Propuesta de Lucio.—Todas las balas deberán estar envenenadas con ácido prúsico y se probará su poder tóxico cortándole de un tiro la cola a un perro. El perro tiene que morir a los 10 minutos.
—Ché Silvio.
—¿Que hay?, dijo Enrique.
Pensaba una cosa. Habría que organizar clubs en todos los pueblos de la República.
—No, lo principal—interrumpí yo—está en ponernos prácticos para actuar mañana. No importa ahora ocuparnos de macanitas.
Lucio acercó un bulto de ropa sucia que le servía de otomana. Proseguí.
—El aprendizaje de ratero tiene esta ventaja: darle sangre fría a uno, que es lo más necesario para el oficio. Además la práctica del peligro contribuye a formarnos hábitos de prudencia.

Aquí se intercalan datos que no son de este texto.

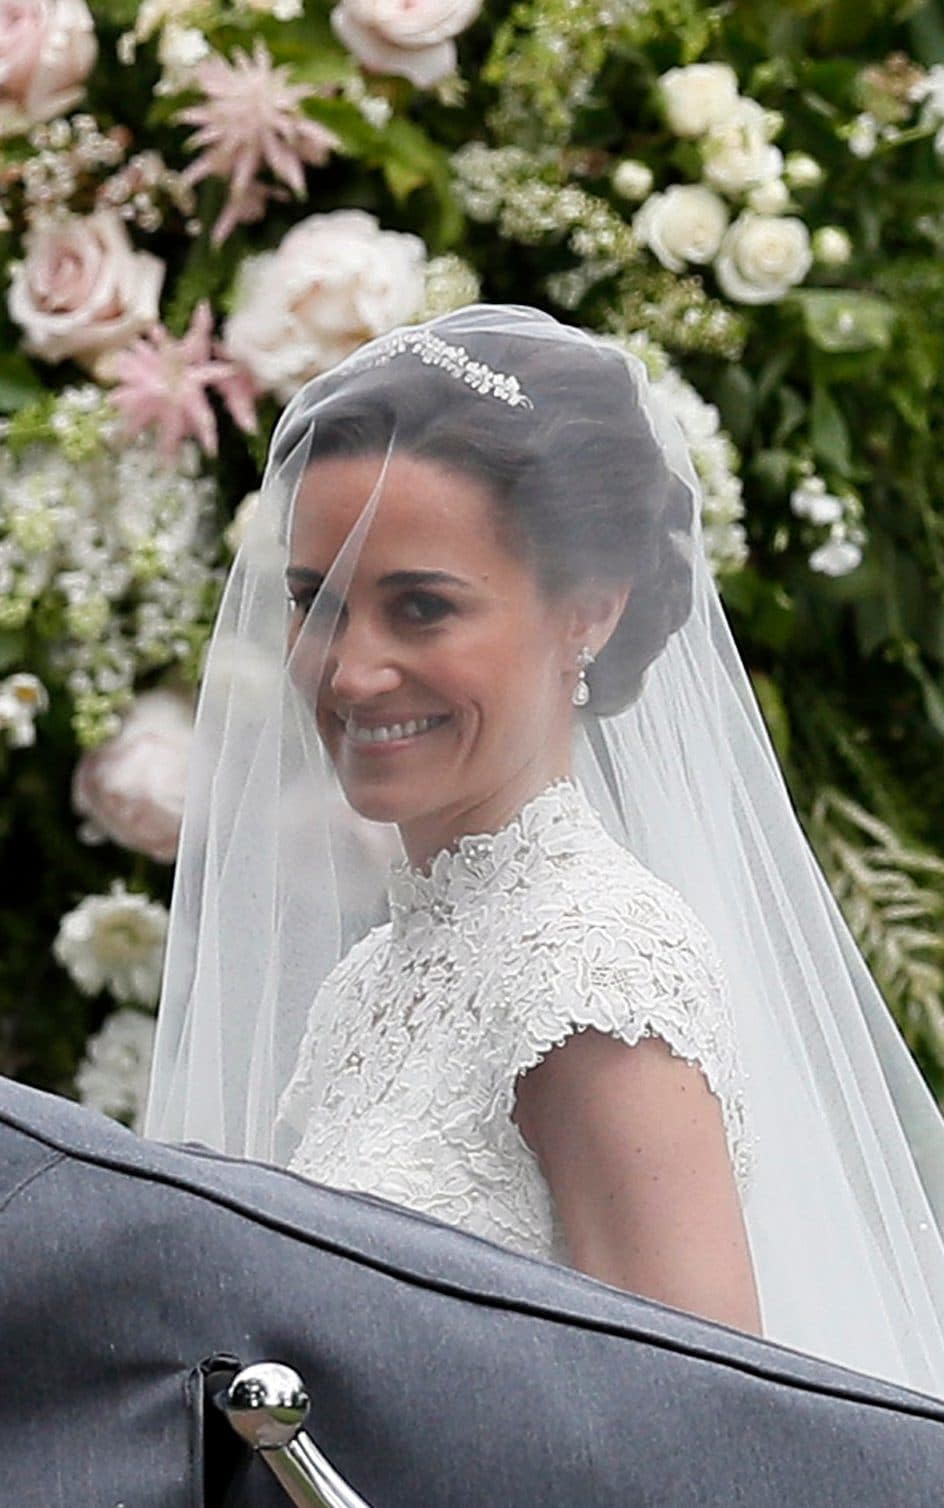 Pippa Middleton arrives at St Mark's Church in Englefield, wearing the diamond Robinson Pelham earrings commissioned for her sister the Duchess of Cambridge's wedding in 2011  - AP POOL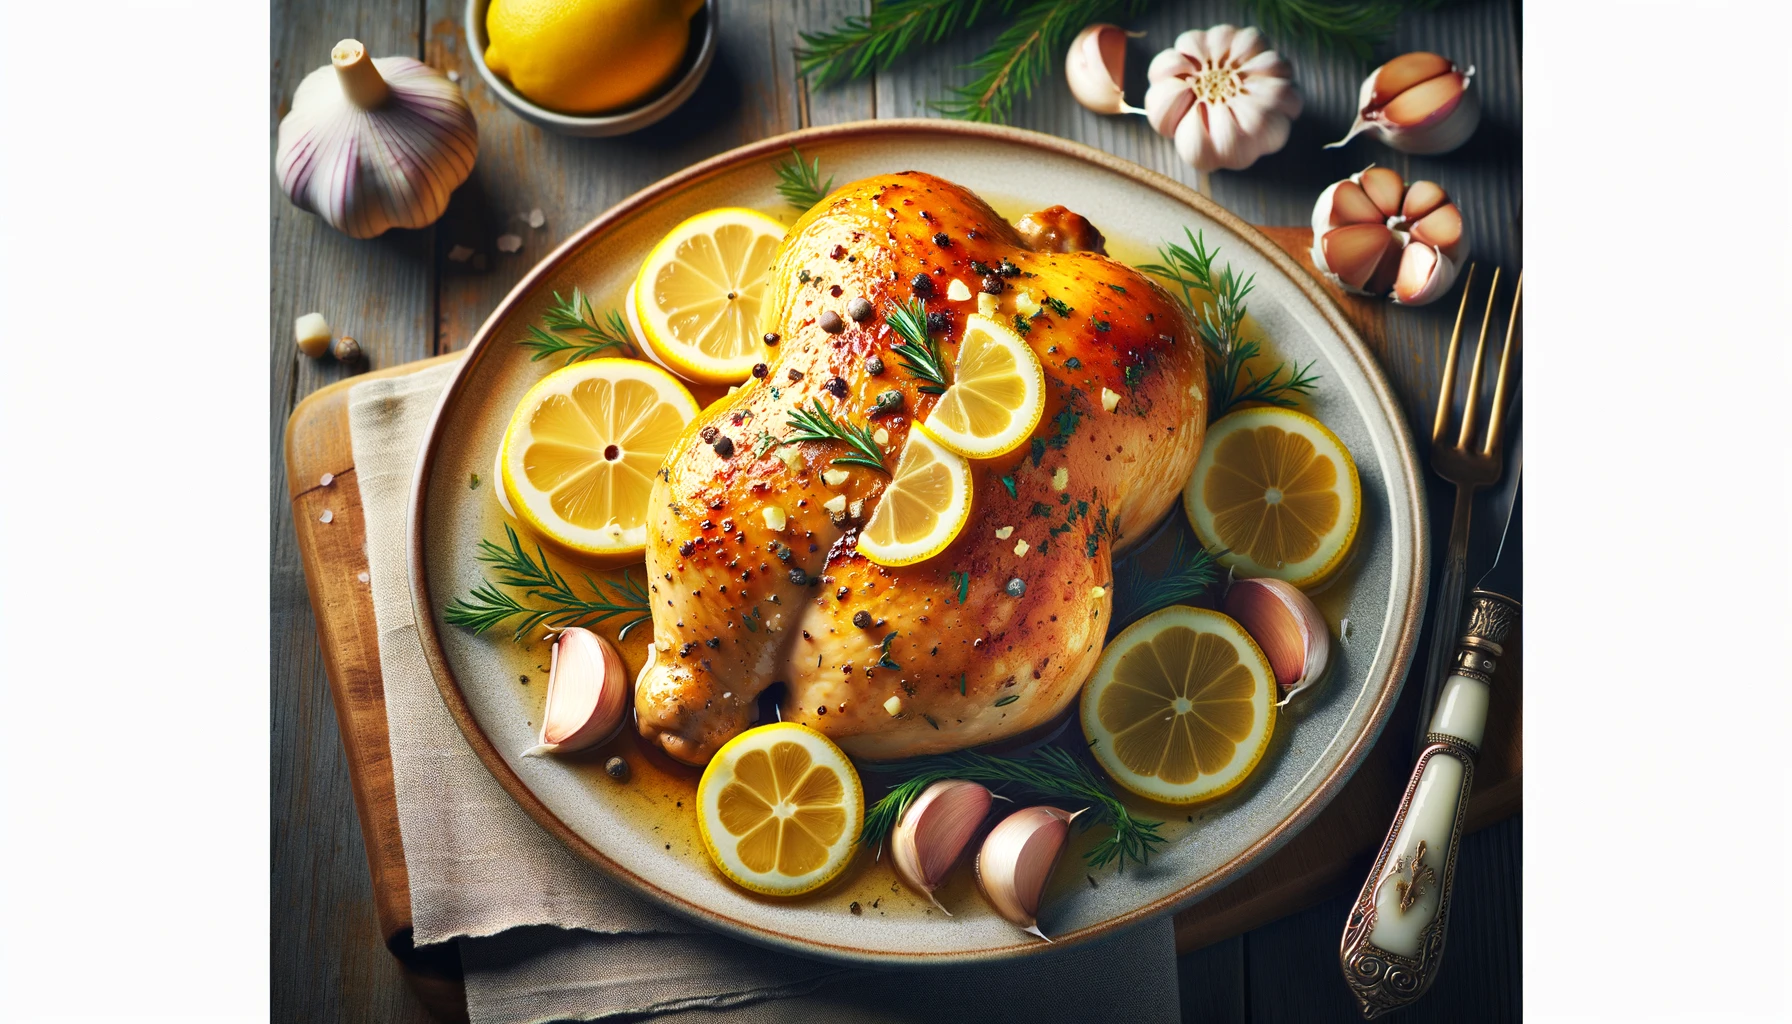 Roasted chicken with lemon and garlic on plate.

Dijo Enrique: Dejémonos de retóricas y vamos a tratar un caso interesante. Aquí, al fondo de la carnicería (la pared de la casa de Irzubeta era medianera respecto a dicho fondo) hay un gringo que todas las noches guarda el auto y se va a dormir a una piecita que alquila en un caserón de la calle Zamudio. Que te parece Silvio, que le evaporemos el magneto y la bocina?
—¿Sabés que es grave?
—No hay peligro ché. Saltamos por la tapia. El carnicero duerme como una piedra. Eso sí, hay que ponerse guantes.
—¿Y el perro?
—¿Y para que lo conozco yo al perro?
—Me parece que se va a armar una bronca.
—¿Que te parece Silvio?
—No me gusta.
—Pero date cuenta que sacamos más de cien mangos por el magneto.